Question 194422: Complex Fraction
Question: ab + b^2 / 4ab^5 divided by a+b/6a^2b^4 =
I was lost on the last example so I am lost again on this one.
Please explain the way to get through this problem. Thank You.
Answer by ptaylor(2198)   (Show Source):
You can put this solution on YOUR website!

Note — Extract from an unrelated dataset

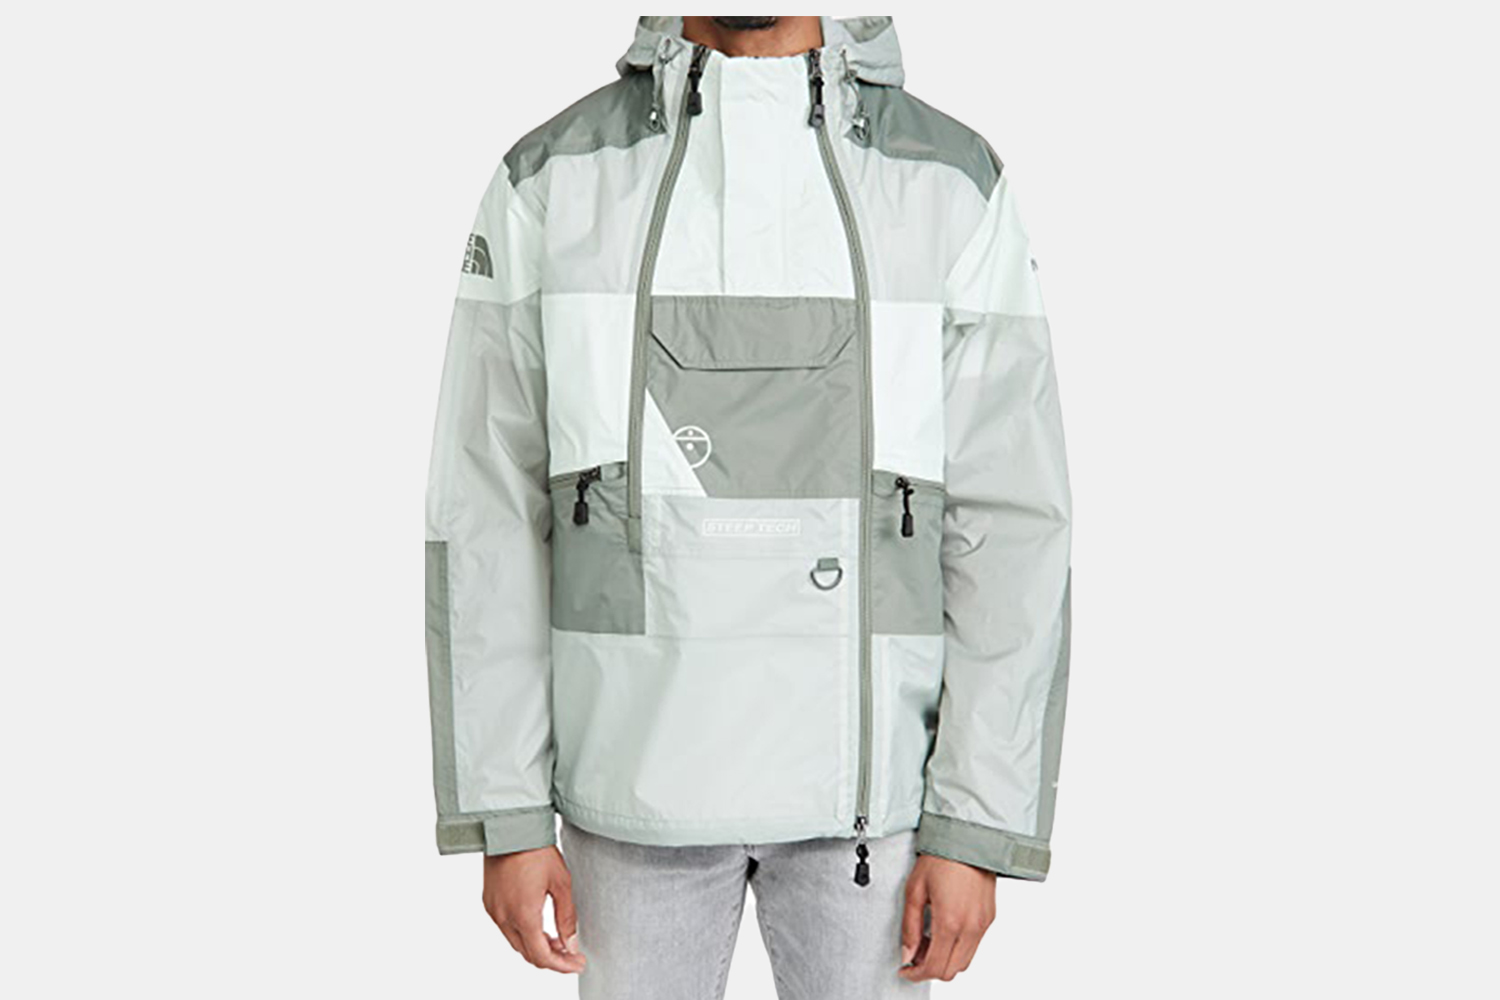 a grey patterned rain jacket.

OK. Complex fractions can be readily solved by first making the denominator of the complex fraction (in this case, (a+b)/6a^2b^4) equal to 1. We can do this by multiplying it by 6a^2b^4/(a+b). When we do that, however, we have to also multiply the numerator of the complex fraction (in this case,(ab+b^2)/4ab^5) by 6a^2b^4/(a+b). Why? Because 6a^2b^4/(a+b)/6a^2b^4/(a+b) is equal to 1 and we do not change the complex fraction by multiplying it by 1.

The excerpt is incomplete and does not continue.